Monday, August 1, 2011

OpenMP – Overview and Update – what about MPI?

The OpenMP standard specification started in the spring of 1997, led by the OpenMP Architecture Review Board (ARB) which included: Compaq / Digital, Hewlett-Packard, Intel, IBM, Kuck & Associates, SGI, Sun, and the U.S. Department of Energy ASCI program. OpenMP is an API (Application Program Interface) which provides a model for developers of shared memory parallel applications. The API supports C/C++ and Fortran on multiple architectures and includes various constructs and directives for specifying parallel regions, work sharing, synchronization and data environment.

OpenMP is basically an implementation of multithreading, using the concept of share memory on a single machine (server for example). In a large cluster environment, one option is to use OpenMP within the node for the intra-node communications (communications between processes on the same server) and MPI for the inter-node communications (communications between processes on remote servers). You can also chose the approach of MPI everywhere – using MPI for intra and inter node communications. I have yet to see a clear direction on which is better for intra node communications – OpenMP or MPI. Sometimes OpenMP is better, sometime MPI is on the lead. There are various publications out there that explored the performance differences for specific cases. I typically use MPI everywhere, but some of my colleagues prefer to use OpenMP in the box.

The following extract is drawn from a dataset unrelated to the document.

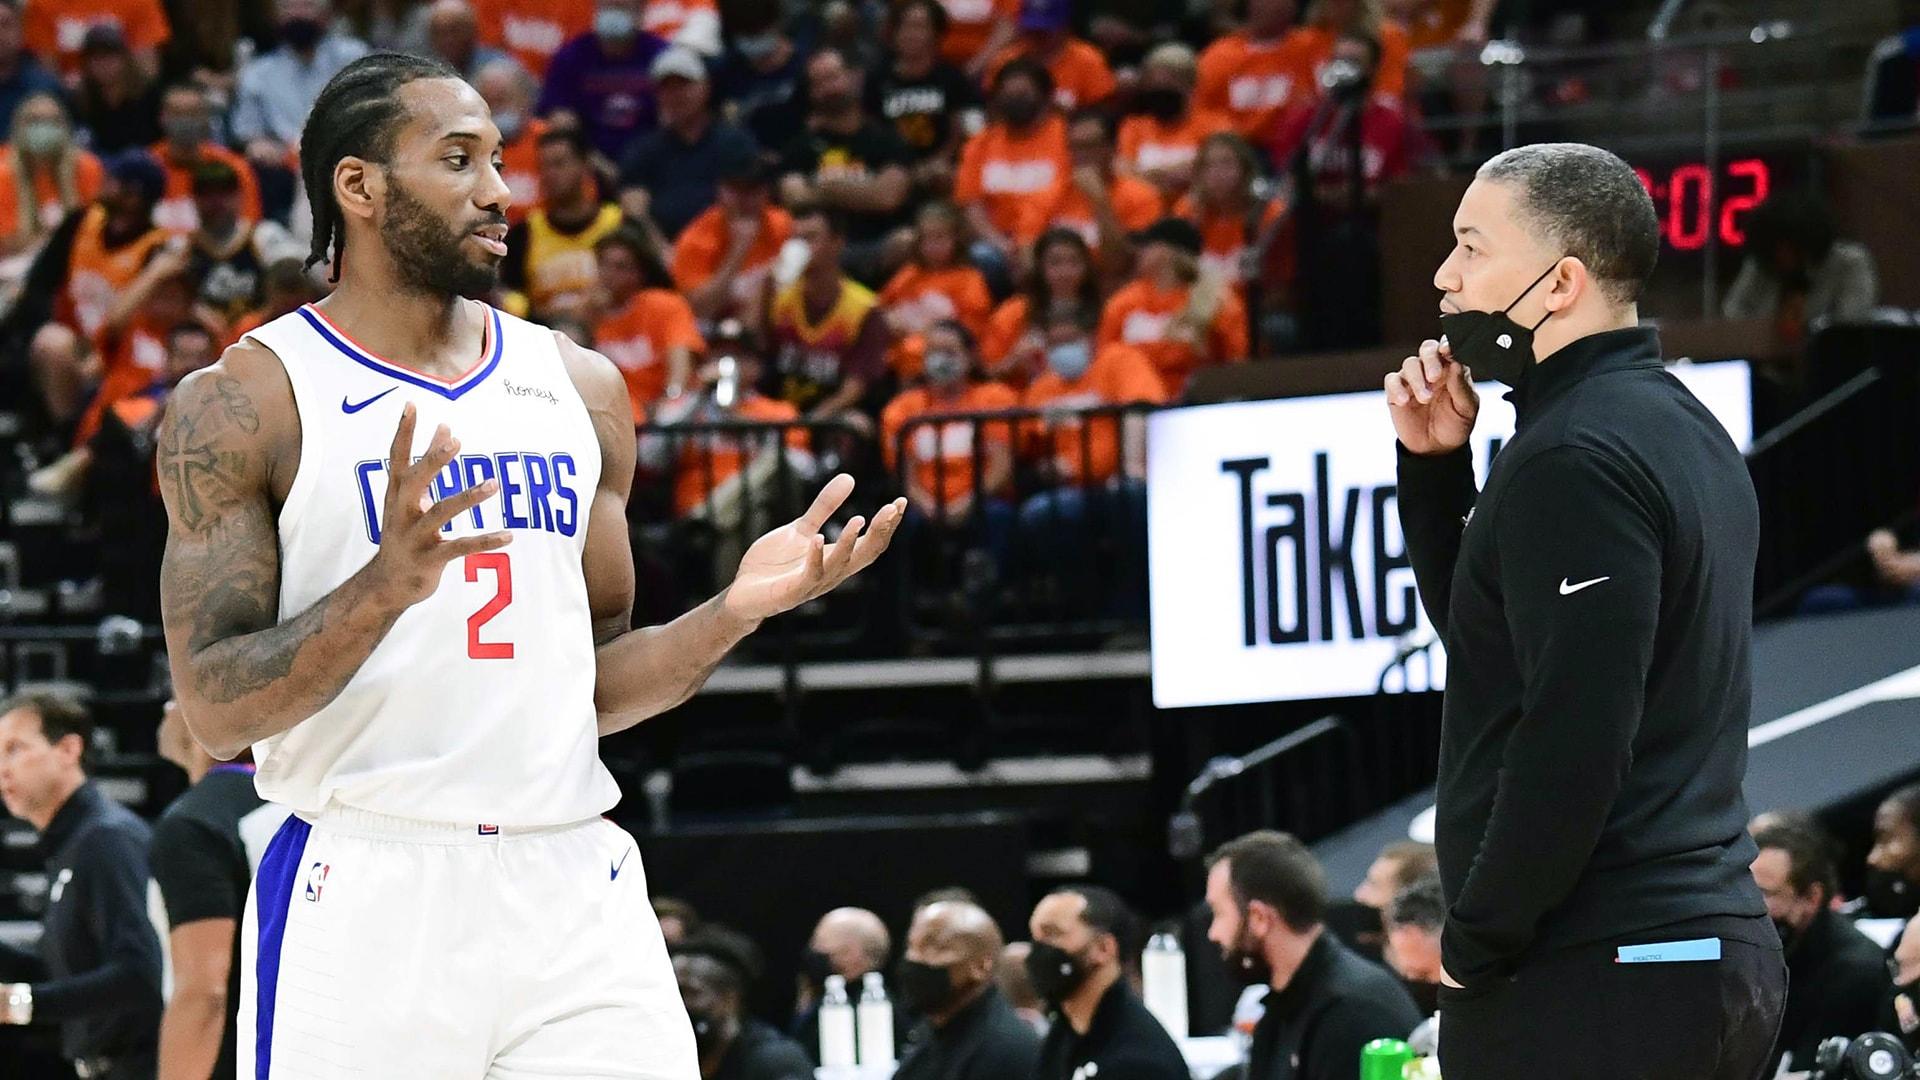 ICYMI: News rush sends shockwaves through NBA
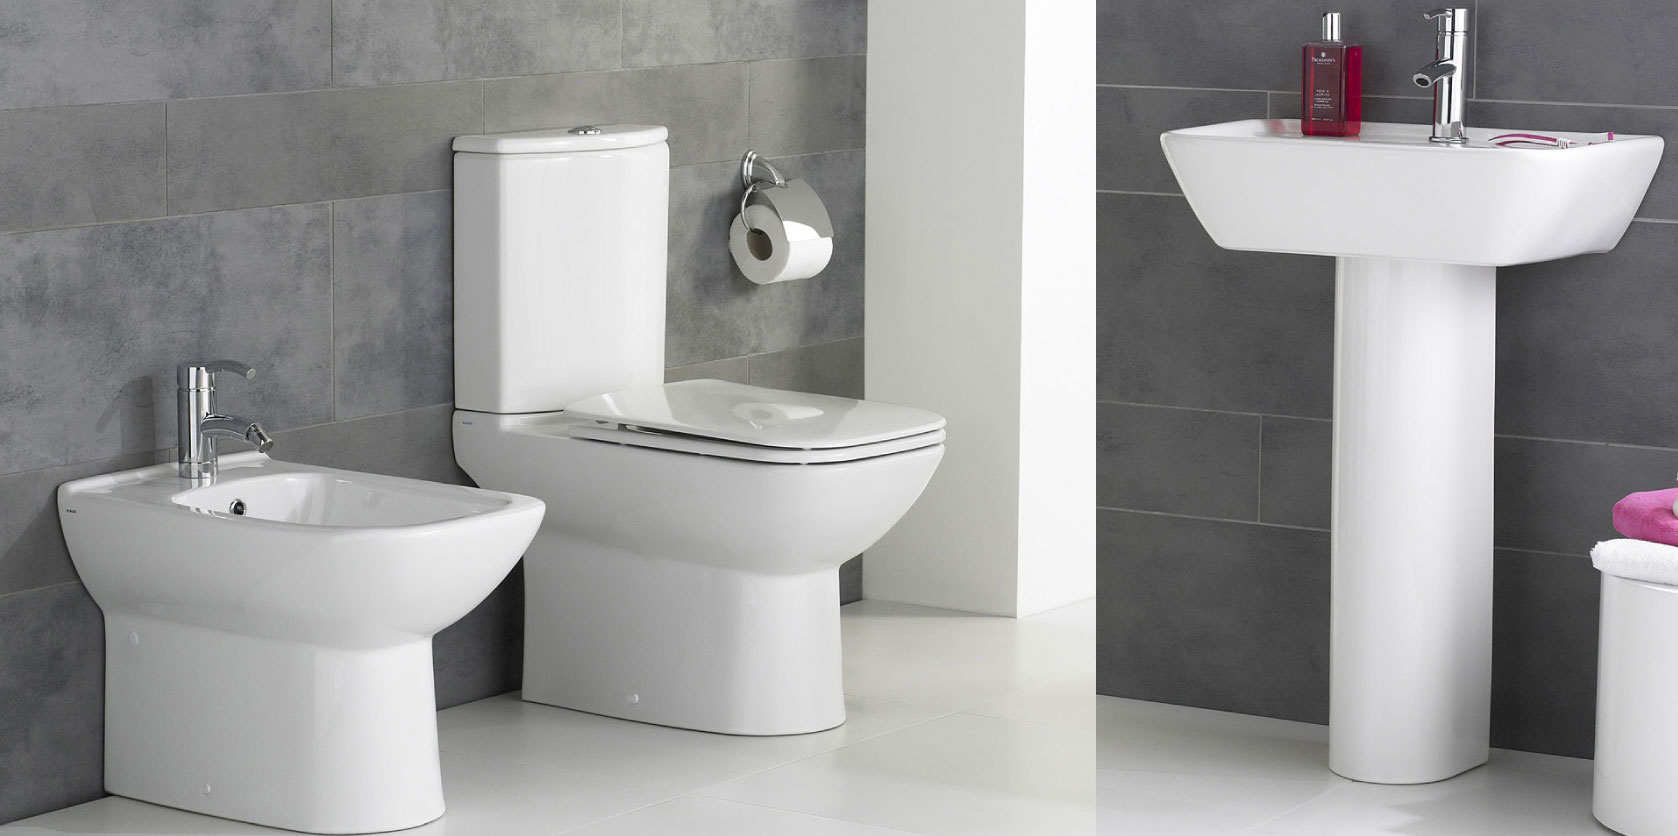 بالصور اطقم حمامات , اجدد تشكيلات اطقم الحمامات 950 5

Last month the OpenMP Architecture Review Board announces the release of version 3.1 of the OpenMP specification. The new release includes several new features: addition of predefined min and max reduction operators for C and C++, extensions to the atomic construct, extensions to bind threads to a processor and optimization to the OpenMP tasking model. The complete 3.1 specification can be downloaded from the OpenMP.org.